## PROBLEM
In the material below, find the line with "Shia Labeouf at the Cannes Film Festival" and the line with "D'life home interiors", then output those two lines and every line between them, exactly.

## DATA IN THIS EXERCISE
···
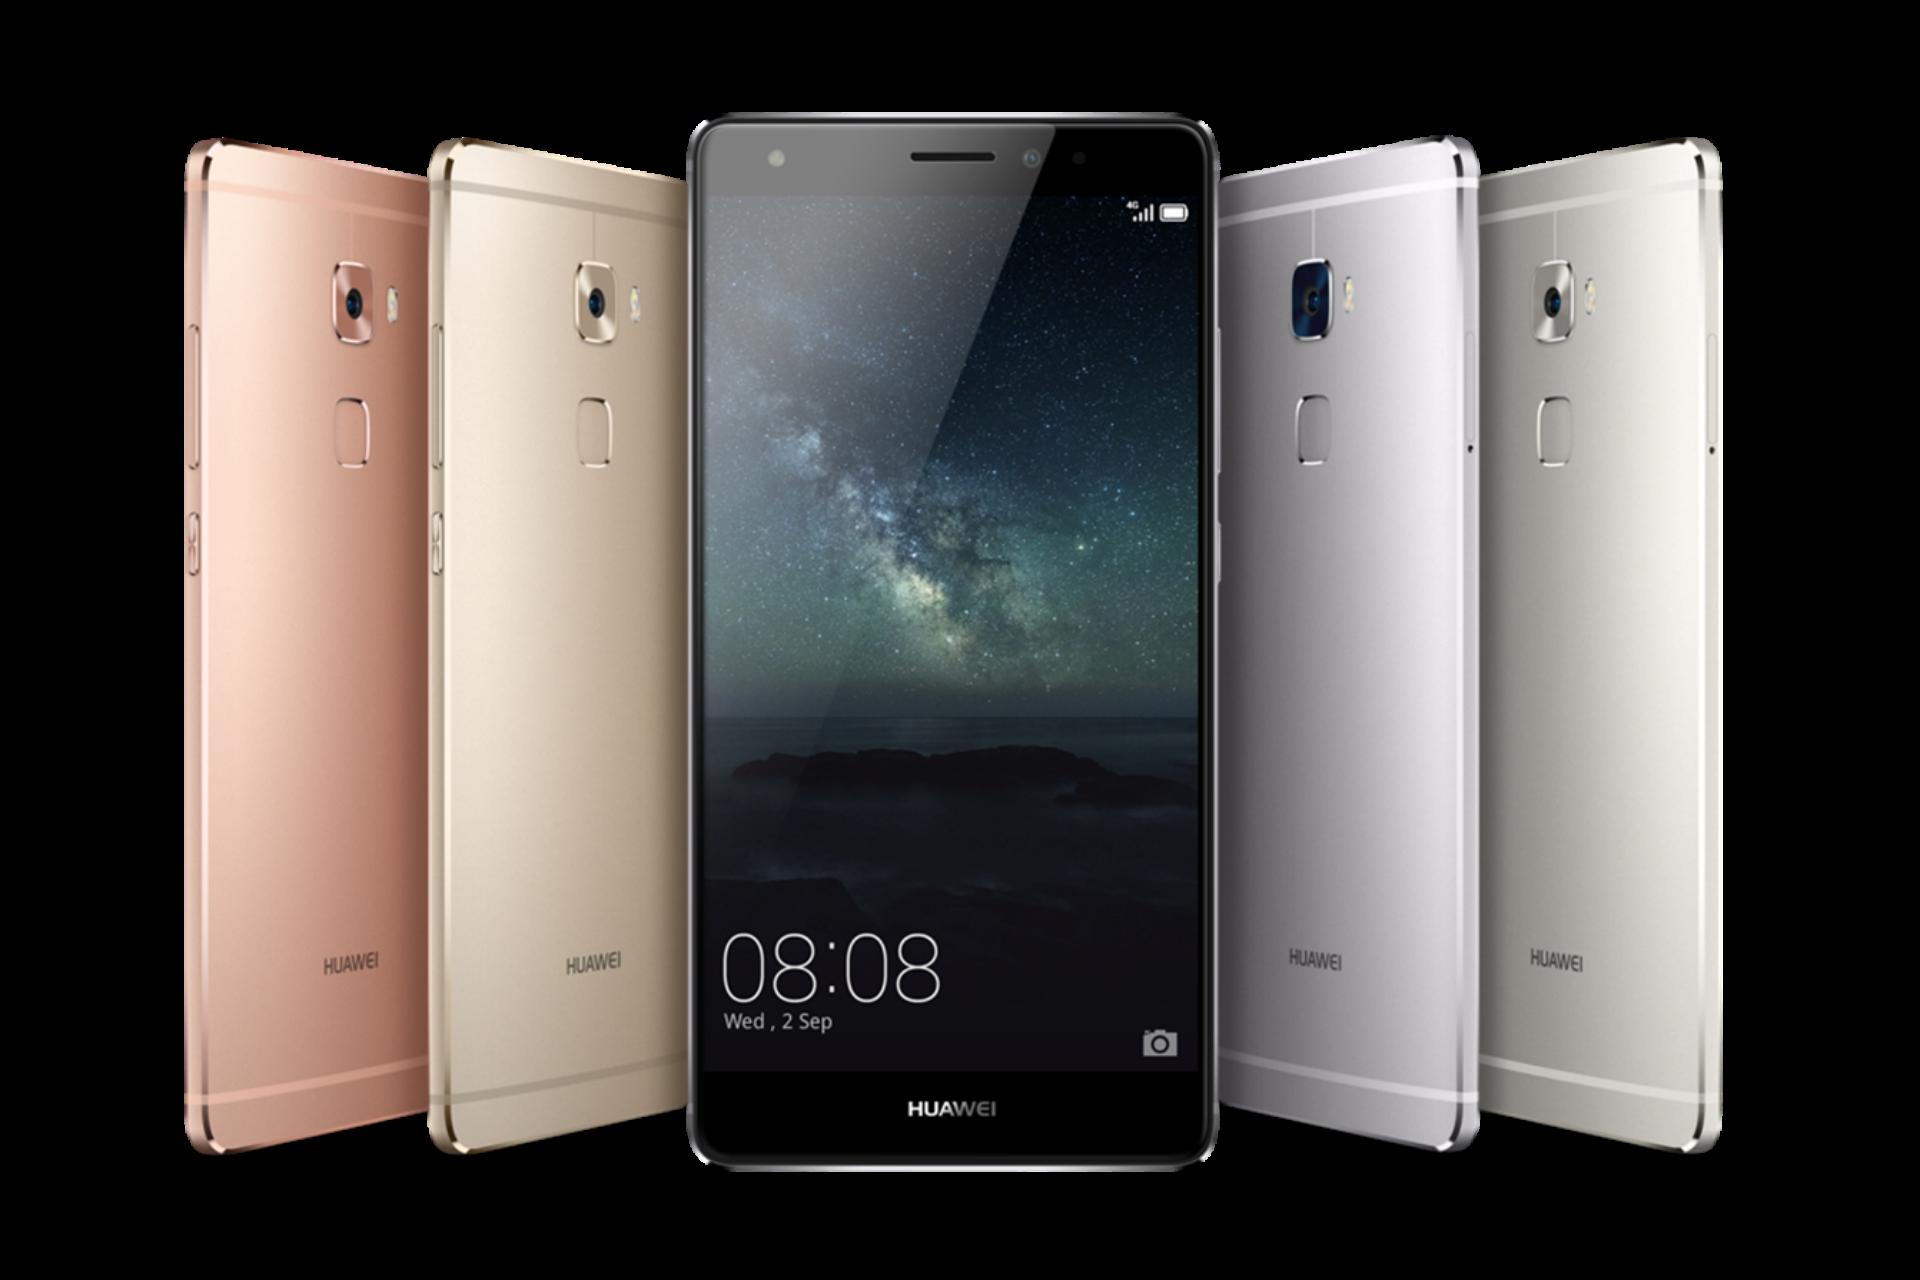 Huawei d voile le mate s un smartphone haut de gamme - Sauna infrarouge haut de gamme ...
···
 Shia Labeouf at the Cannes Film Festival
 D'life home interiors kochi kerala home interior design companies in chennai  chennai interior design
···
## TASK SOLUTION
 Shia Labeouf at the Cannes Film Festival
 D'life home interiors kochi kerala home interior design companies in chennai  chennai interior design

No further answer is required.